Epilepsy a hidden burden for Aussie women

Katelyn CatanzaritiAAP
Justine Knott: epilepsy can leave you isolated because people don't know what it's like to be you.
Camera IconJustine Knott: epilepsy can leave you isolated because people don't know what it's like to be you. Credit: AAP

Justine Knott woke in the middle of the night to a loud explosion and felt terror course through her body.

She grabbed her then nine-year-old from his bed, dragged him to the back of the house and locked him in the laundry before running back to confront whatever disaster awaited.

It took several minutes to realise there had been no blast - it was just another nocturnal epileptic seizure.

Knott, a psychologist from Melbourne, had been sleeping badly and having peculiar sensations when she was diagnosed at the age of 41.

"I had wet the bed a couple of times. I was waking up with my mouth chewed, terrible headaches, feeling groggy and confused," she told AAP.

"There were these terrible images, terrible dreams.

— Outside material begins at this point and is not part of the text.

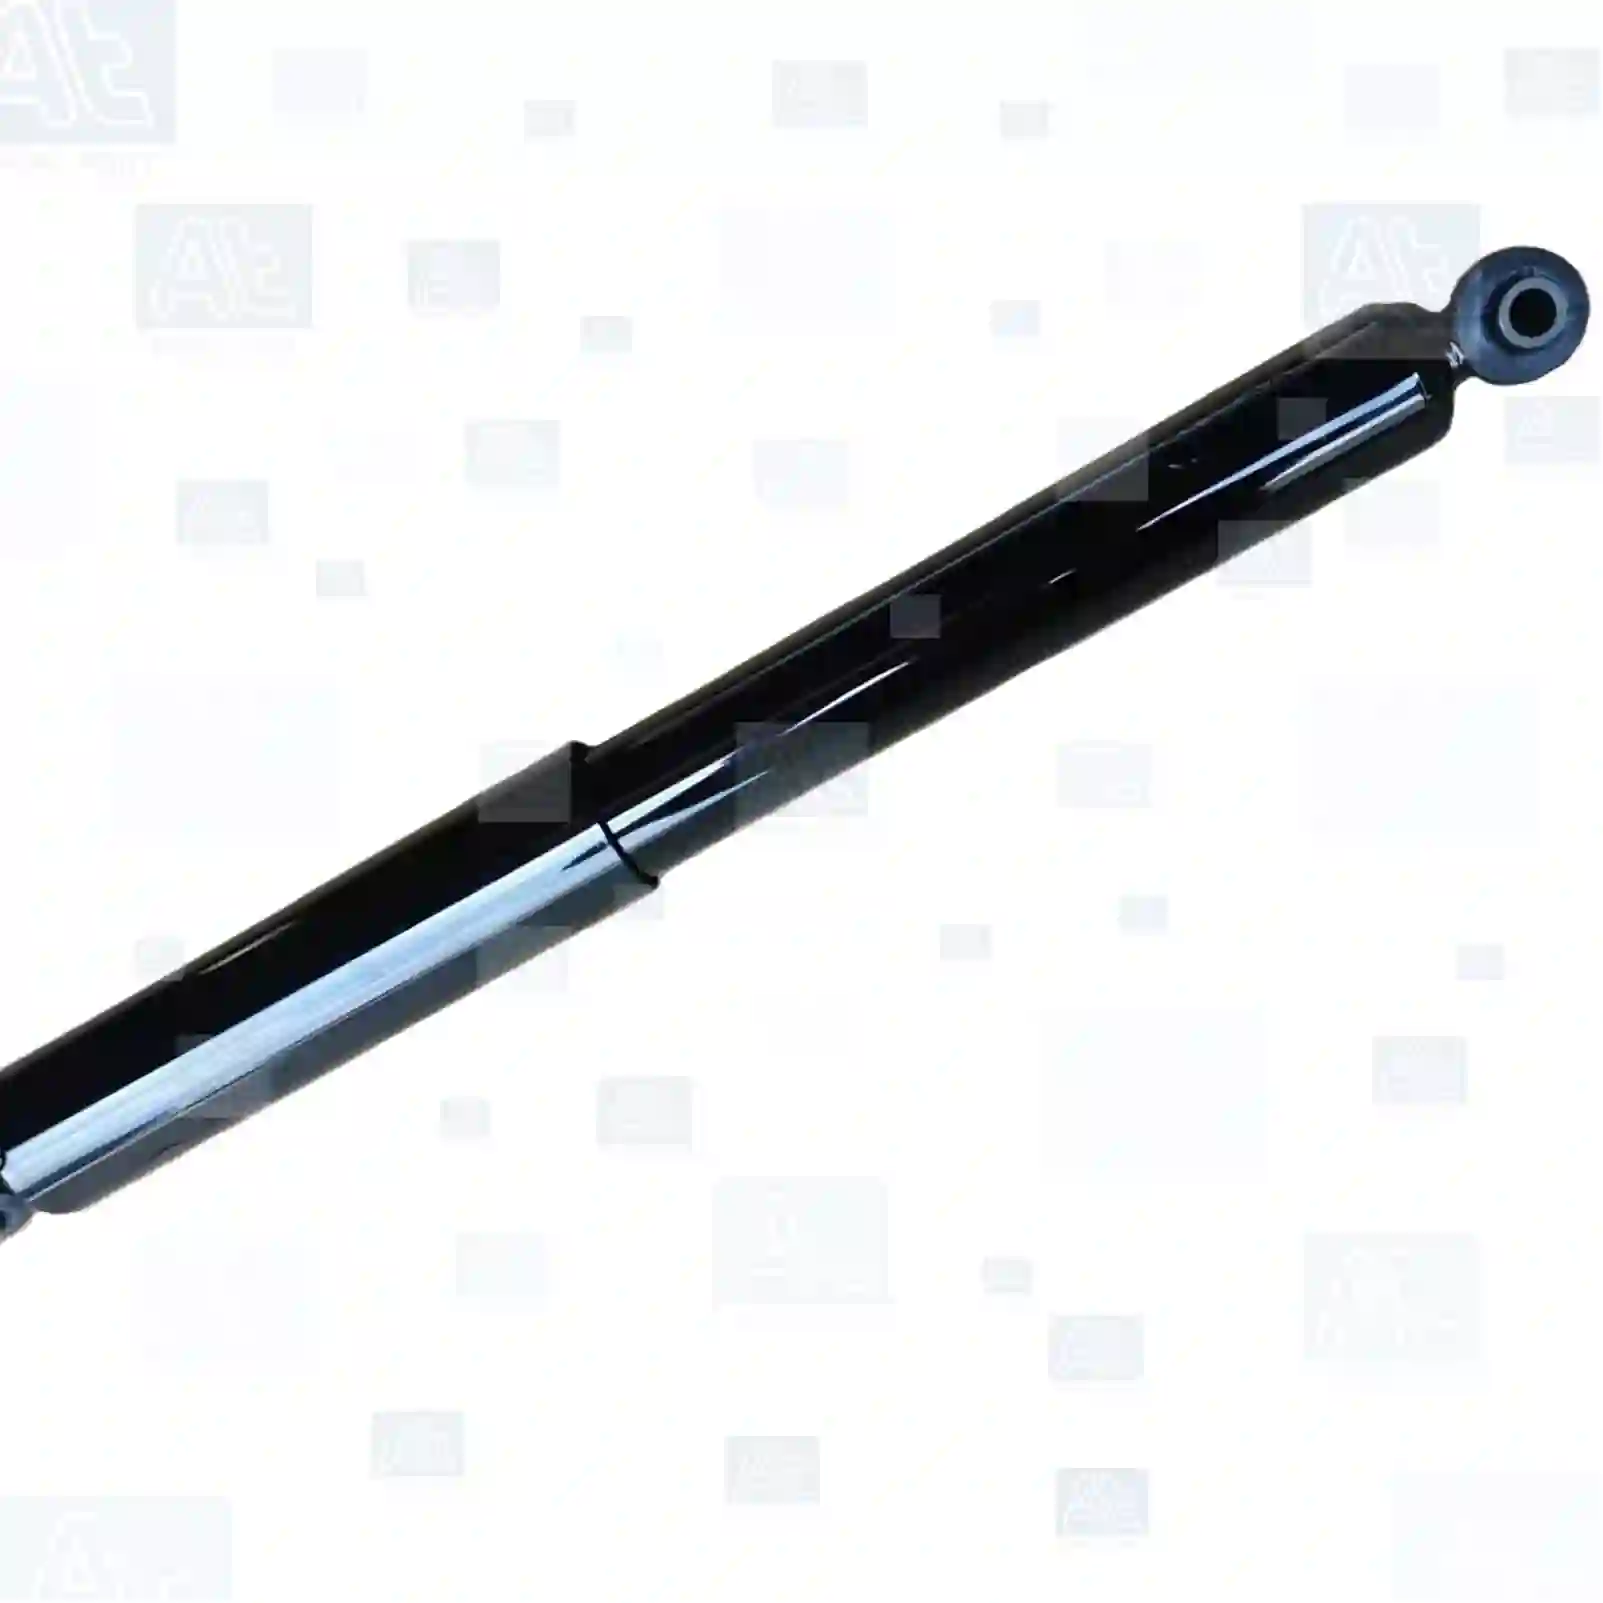 Shock absorber, at no 77727904, oem no: 2D0513029, 2D0513029A, 2D0513029B, 2D0513029D, 2D0513029E, 2D0513029F, 2D0513029G, 2D0513029J, 2D0513029Q, 5118646AA, 3023200431, 9013200031, 9013200043, 9013200231, 9013200431, 9013200631, 9013200731, 9033200131, 2D0513029, 2D0513029A, 2D0513029B, 2D0513029D, 2D0513029E, 2D0513029F, 2D0513029G, 2D0513029J, 2D0513029, 2D0513029A, 2D0513029B, 2D0513029D, 2D0513029E, 2D0513029F, 2D0513029G, 2D0513029J, 2D0513029, 2D0513029A, 2D0513029B, 2D0513029D, 2D0513029E, 2D0513029F, 2D0513029G, 2D0513029J, 2D0513029P, 2D0513029Q At Spare Part | Engine, Accelerator Pedal, Camshaft, Connecting Rod, Crankcase, Crankshaft, Cylinder Head, Engine Suspension Mountings, Exhaust Manifold, Exhaust Gas Recirculation, Filter Kits, Flywheel Housing, General Overhaul Kits, Engine, Intake Manifold, Oil Cleaner, Oil Cooler, Oil Filter, Oil Pump, Oil Sump, Piston & Liner, Sensor & Switch, Timing Case, Turbocharger, Cooling System, Belt Tensioner, Coolant Filter, Coolant Pipe, Corrosion Prevention Agent, Drive, Expansion Tank, Fan, Intercooler, Monitors & Gauges, Radiator, Thermostat, V-Belt / Timing belt, Water Pump, Fuel System, Electronical Injector Unit, Feed Pump, Fuel Filter, cpl., Fuel Gauge Sender,  Fuel Line, Fuel Pump, Fuel Tank, Injection Line Kit, Injection Pump, Exhaust System, Clutch & Pedal, Gearbox, Propeller Shaft, Axles, Brake System, Hubs & Wheels, Suspension, Leaf Spring, Universal Parts / Accessories, Steering, Electrical System, Cabin Shock absorber, at no 77727904, oem no: 2D0513029, 2D0513029A, 2D0513029B, 2D0513029D, 2D0513029E, 2D0513029F, 2D0513029G, 2D0513029J, 2D0513029Q, 5118646AA, 3023200431, 9013200031, 9013200043, 9013200231, 9013200431, 9013200631, 9013200731, 9033200131, 2D0513029, 2D0513029A, 2D0513029B, 2D0513029D, 2D0513029E, 2D0513029F, 2D0513029G, 2D0513029J, 2D0513029, 2D0513029A, 2D0513029B, 2D0513029D, 2D0513029E, 2D0513029F, 2D0513029G, 2D0513029J, 2D0513029, 2D0513029A, 2D0513029B, 2D0513029D, 2D0513029E, 2D0513029F, 2D0513029G, 2D0513029J, 2D0513029P, 2D0513029Q At Spare Part | Engine, Accelerator Pedal, Camshaft, Connecting Rod, Crankcase, Crankshaft, Cylinder Head, Engine Suspension Mountings, Exhaust Manifold, Exhaust Gas Recirculation, Filter Kits, Flywheel Housing, General Overhaul Kits, Engine, Intake Manifold, Oil Cleaner, Oil Cooler, Oil Filter, Oil Pump, Oil Sump, Piston & Liner, Sensor & Switch, Timing Case, Turbocharger, Cooling System, Belt Tensioner, Coolant Filter, Coolant Pipe, Corrosion Prevention Agent, Drive, Expansion Tank, Fan, Intercooler, Monitors & Gauges, Radiator, Thermostat, V-Belt / Timing belt, Water Pump, Fuel System, Electronical Injector Unit, Feed Pump, Fuel Filter, cpl., Fuel Gauge Sender,  Fuel Line, Fuel Pump, Fuel Tank, Injection Line Kit, Injection Pump, Exhaust System, Clutch & Pedal, Gearbox, Propeller Shaft, Axles, Brake System, Hubs & Wheels, Suspension, Leaf Spring, Universal Parts / Accessories, Steering, Electrical System, Cabin

I thought maybe there was something psychiatric going on."

Her son Jack, now 18, remembers being startled by her panicked cries.

"(She was) calling out confused with where she was, what was happening, who she was. She even forgot her name once," he said.

"She often saw an octopus on the ceiling of her bedroom."

Epilepsy is a neurological disorder associated with abnormal electrical brain activity which can cause seizures, loss of consciousness and sensory disturbance.

Australian Institute of Health and Welfare figures released ahead of Saturday's international awareness Purple Day show the condition affects about 151,000 Australians, with tens of thousands hospitalised each year.

It can lead to a higher prevalence of social isolation, mental health disorders, strained relationships and employment discrimination.

But women face additional challenges because of the impact hormones and medication can have during puberty, while on contraception, during pregnancy and breastfeeding.

This is compounded because at a time when they need the most support, many epilepsy sufferers often withdraw socially.

"You feel embarrassed ... that you're a burden," Knott said.

"You feel isolated because people don't know what it's like to be you."

These same feelings prompted fellow sufferer Ella Meredith to seek online support.

"My doctors have been really good but the focus isn't on peer support and the emotional support, it's on the treatment of the epilepsy," says Ms Meredith who was diagnosed a decade ago aged 22.

"I was never referred to a support group. Not once. And I've seen a lot of doctors."

Ms Meredith joined an online international group for women with epilepsy and she and a fellow Aussie soon decided to set up one locally.

A year later - in September 2021 - Australian Women with Epilepsy became a charity.

It already has 3000 members of like-minded women looking for advice, support or just somewhere to feel less alone in dealing with their invisible illness.

"We get messages from people saying they've never felt validated before," Ms Meredith said.